** Opening Given data block **

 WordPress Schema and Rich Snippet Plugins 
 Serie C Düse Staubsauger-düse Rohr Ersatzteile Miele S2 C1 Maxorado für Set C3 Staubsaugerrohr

** Closing Given data block **
** Opening Given data block **

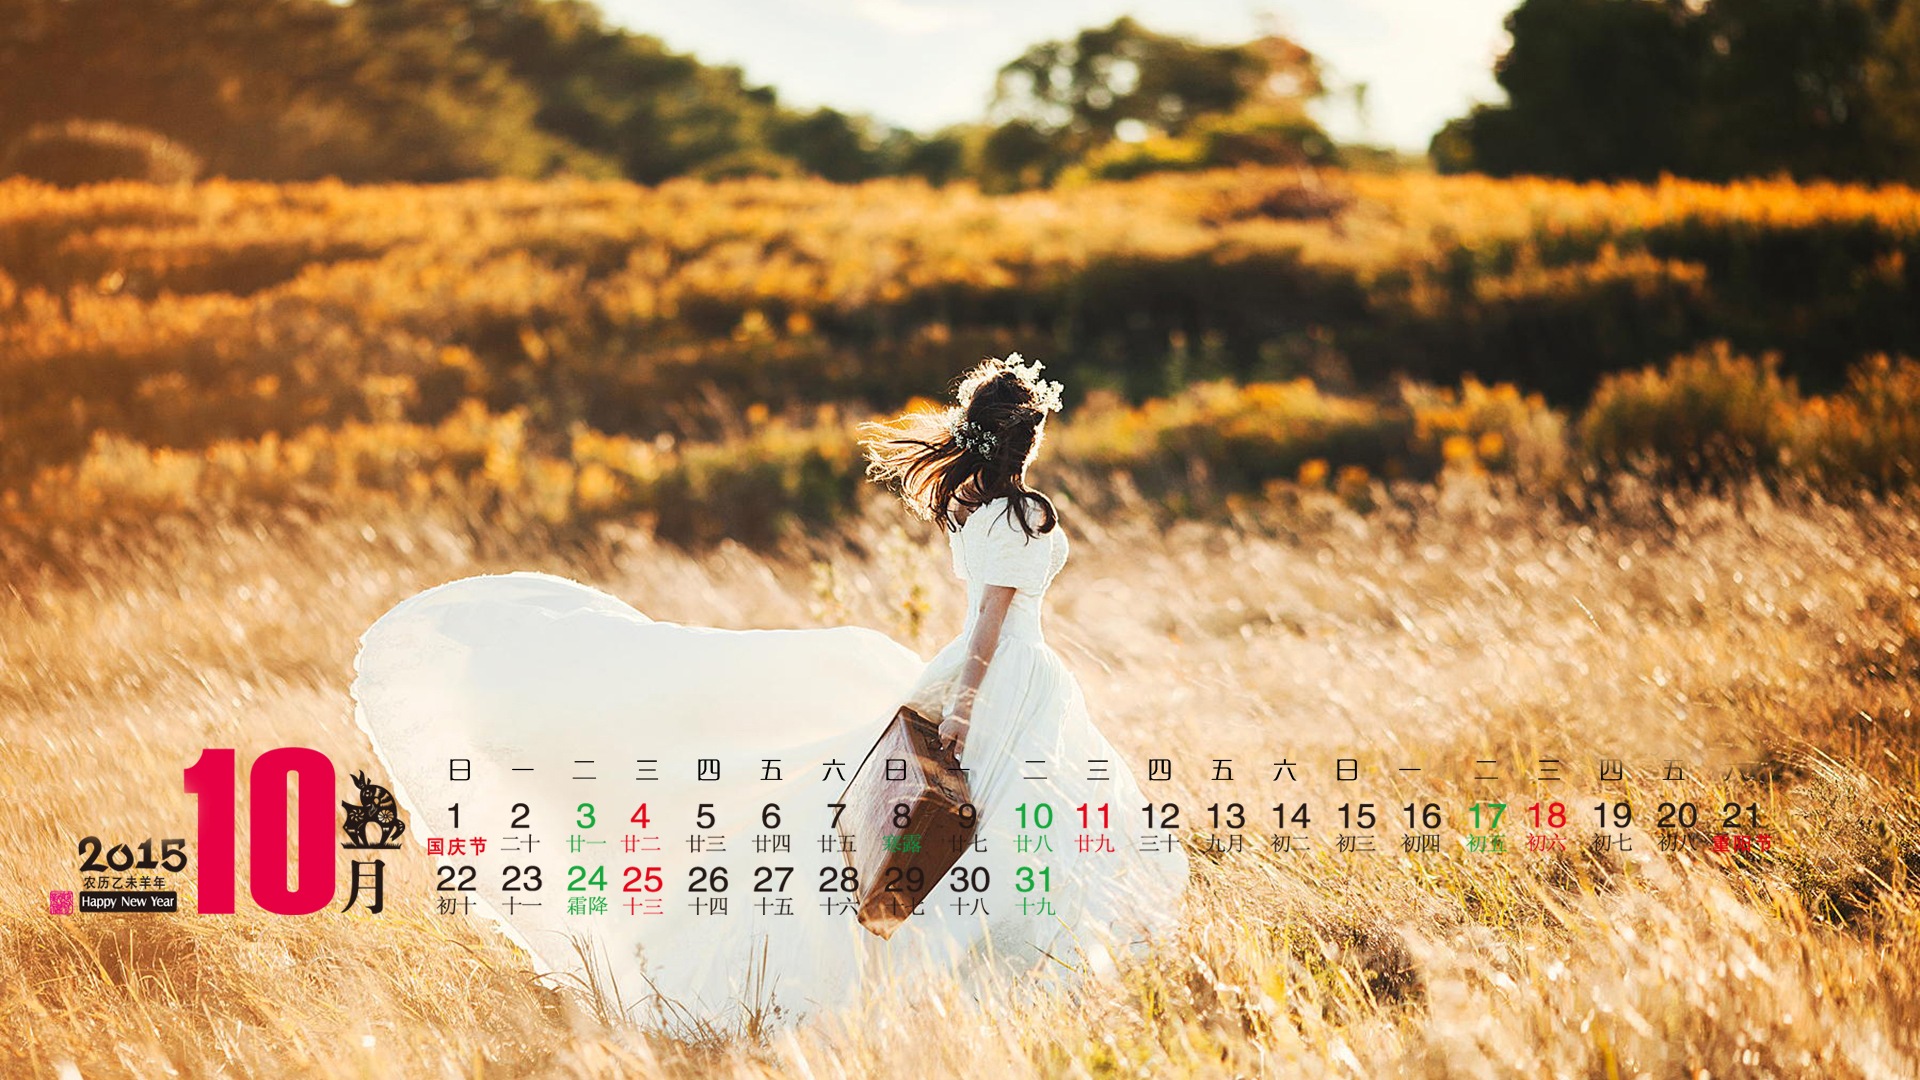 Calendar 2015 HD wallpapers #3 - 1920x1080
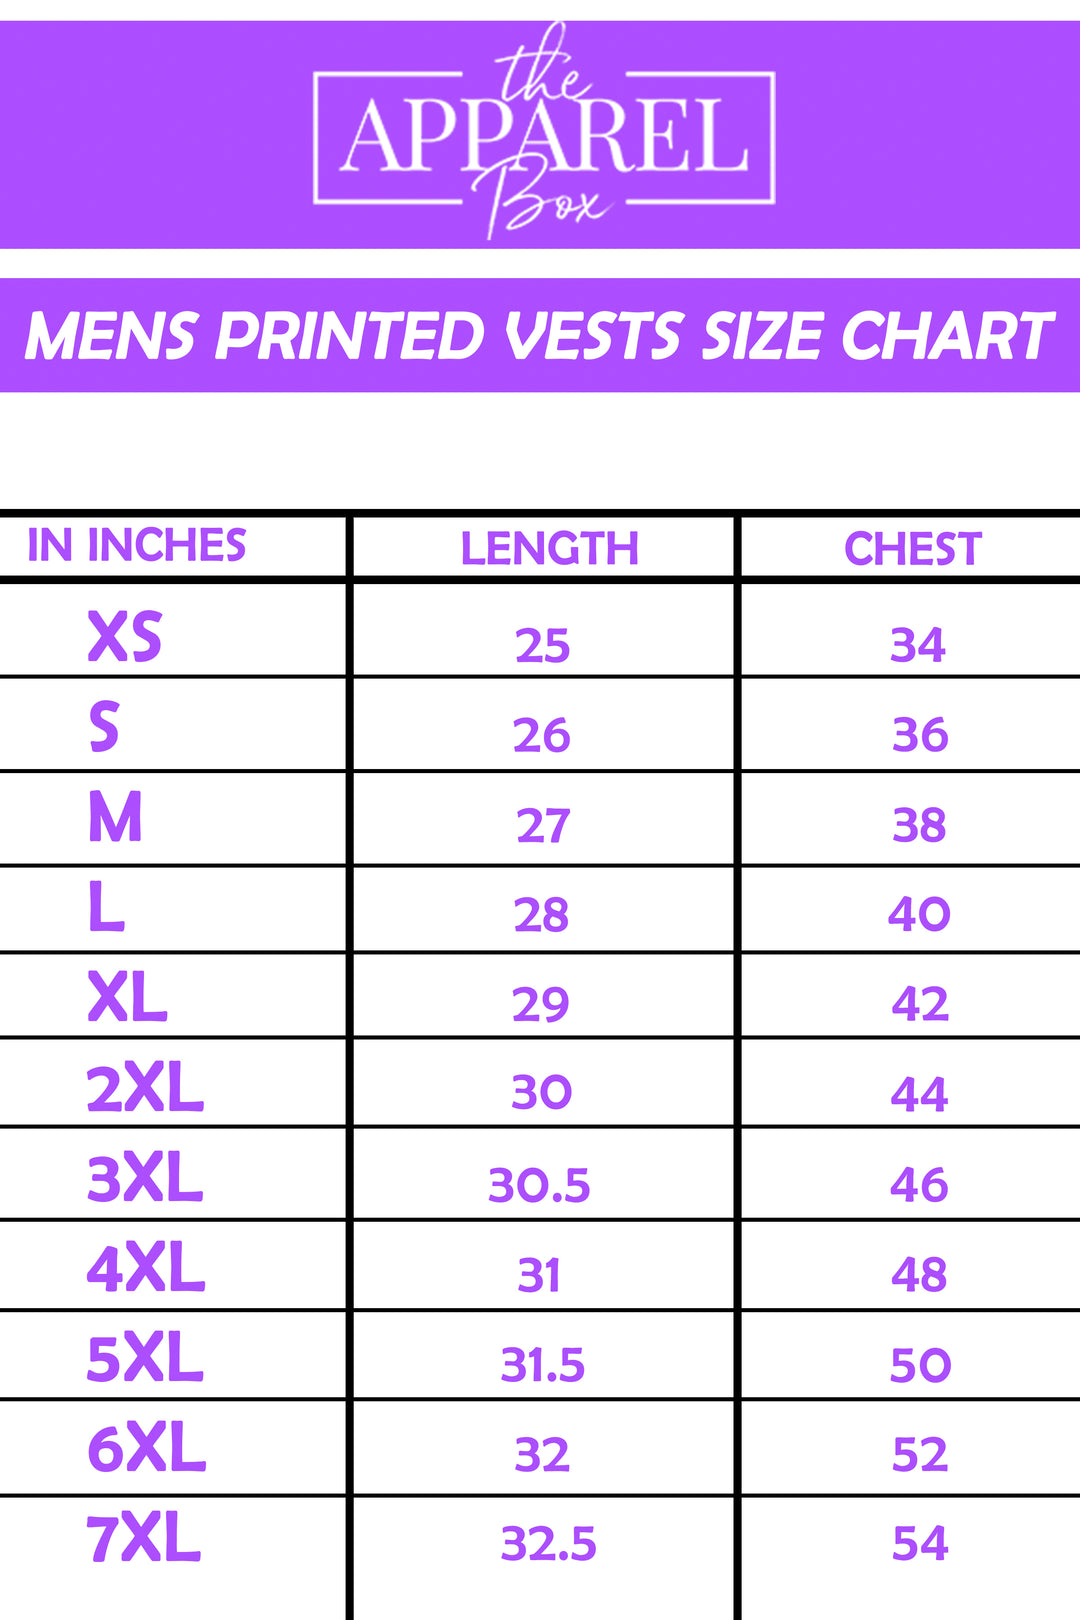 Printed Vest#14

** Closing Given data block **

* [How to complete this task] Of all the entries above, output exactly the lines between the one holding "WordPress Schema and Rich Snippet Plugins" and the one holding "Serie C Düse", inclusive.

* [Written answer]
 WordPress Schema and Rich Snippet Plugins 
 Serie C Düse Staubsauger-düse Rohr Ersatzteile Miele S2 C1 Maxorado für Set C3 Staubsaugerrohr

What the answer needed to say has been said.